InVivo Therapeutics has announced that the patient enrolled in January in the INSPIRE study of the Neuro-spinal scaffold has improved from a complete AIS A to an incomplete AIS B spinal cord injury in the time between the one-month and the two-month evaluations.
This is the seventh out of the 11 patients (63.6%) with at least one month of follow-up to have had an AIS grade improvement. Two additional patients are early in follow-up and have not yet had their one-month visit. The AIS conversion rate observed in the INSPIRE study to date is considerably higher than published rates observed in a range of spinal cord injury natural history databases that are all below 25%.
In addition to the AIS conversion, the patient has also experienced substantial improvements in sensory and motor function. Prior to surgery, the subject had a T12 neurological level of injury with some spared bilateral sensation on the front of the legs and unilateral palpable hip muscle contraction but no ability to move either leg. The patient had no sensory function on the front of the legs from just below the knee and no sensory function on the back of the body from just below the waist. At the two-month visit, the patient was able to move his hips and knees bilaterally and had regained at least some sensory function in almost all regions across the lower legs, feet, and the back of the body from just below the waist.

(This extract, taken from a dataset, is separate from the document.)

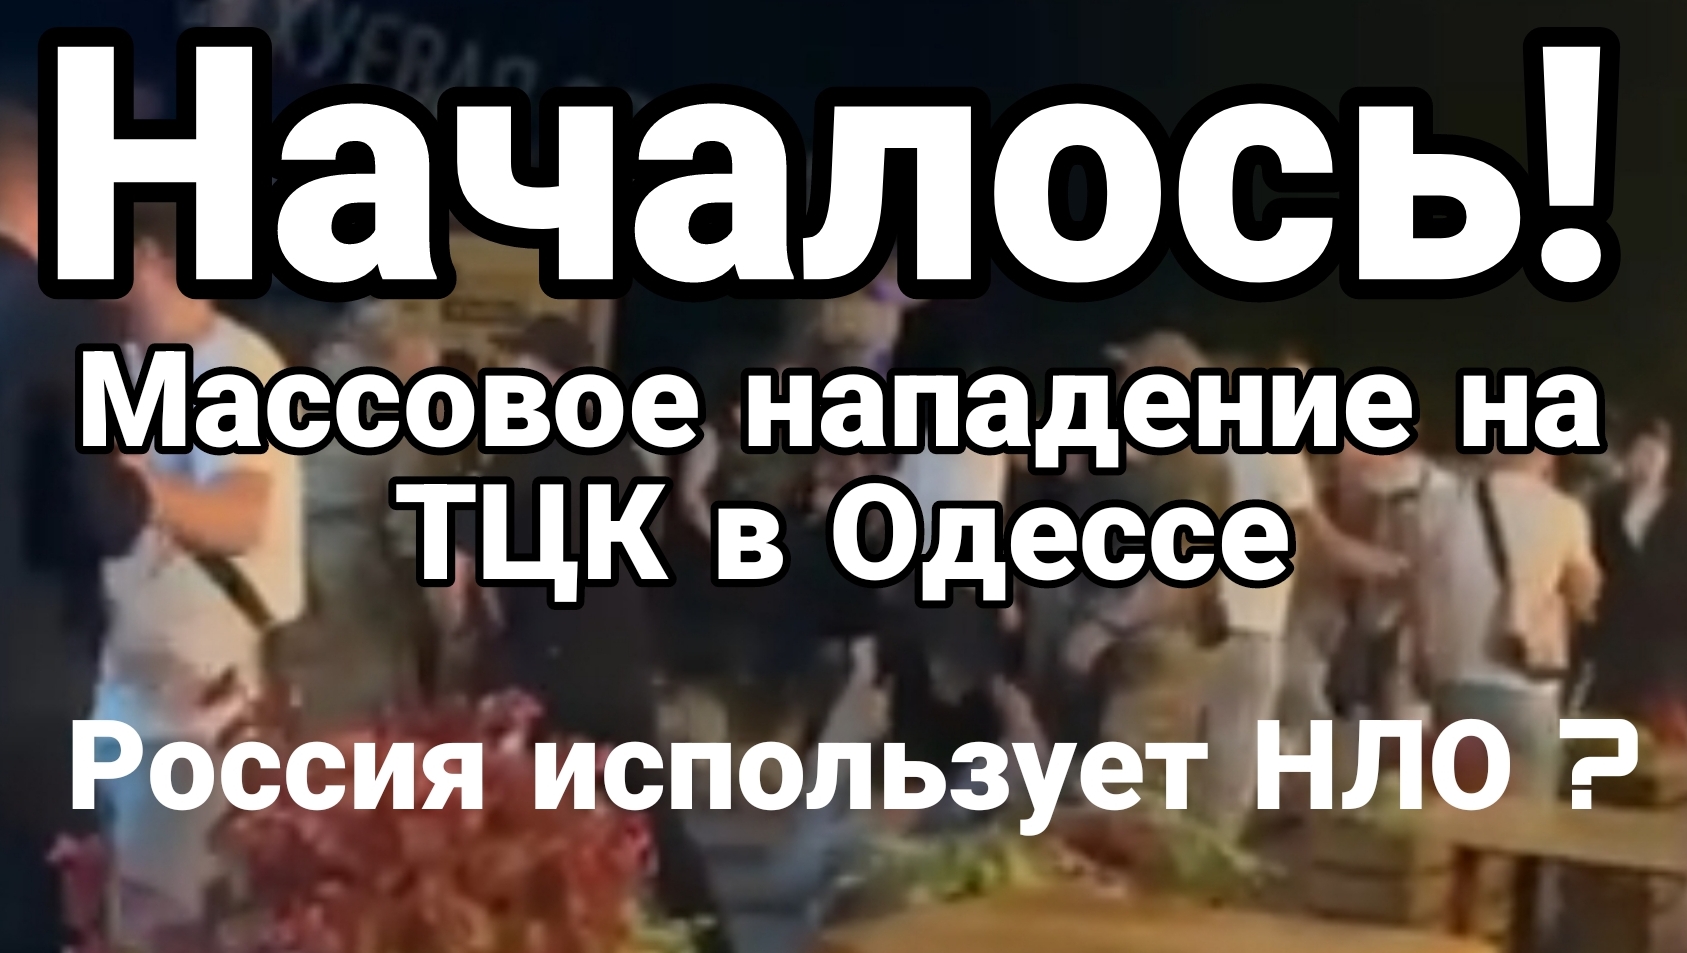 Началось! Массовое нападение на ТЦК в Одессе Россия использует НЛО ?

Travis Dumont, director of the Neurovascular Program and principal investigator at Banner -University Medical Center Tucson, in Tuscon, USA, performed the implantation in January. Dumont says, “It has been rewarding to be a part of the INSPIRE study and to follow this patient’s recovery. This patient had a very low thoracic neurological level of injury, and such patients have the best prognosis. Nonetheless, I have been impressed with this patient’s recovery to date and am hopeful that the positive trajectory will continue.”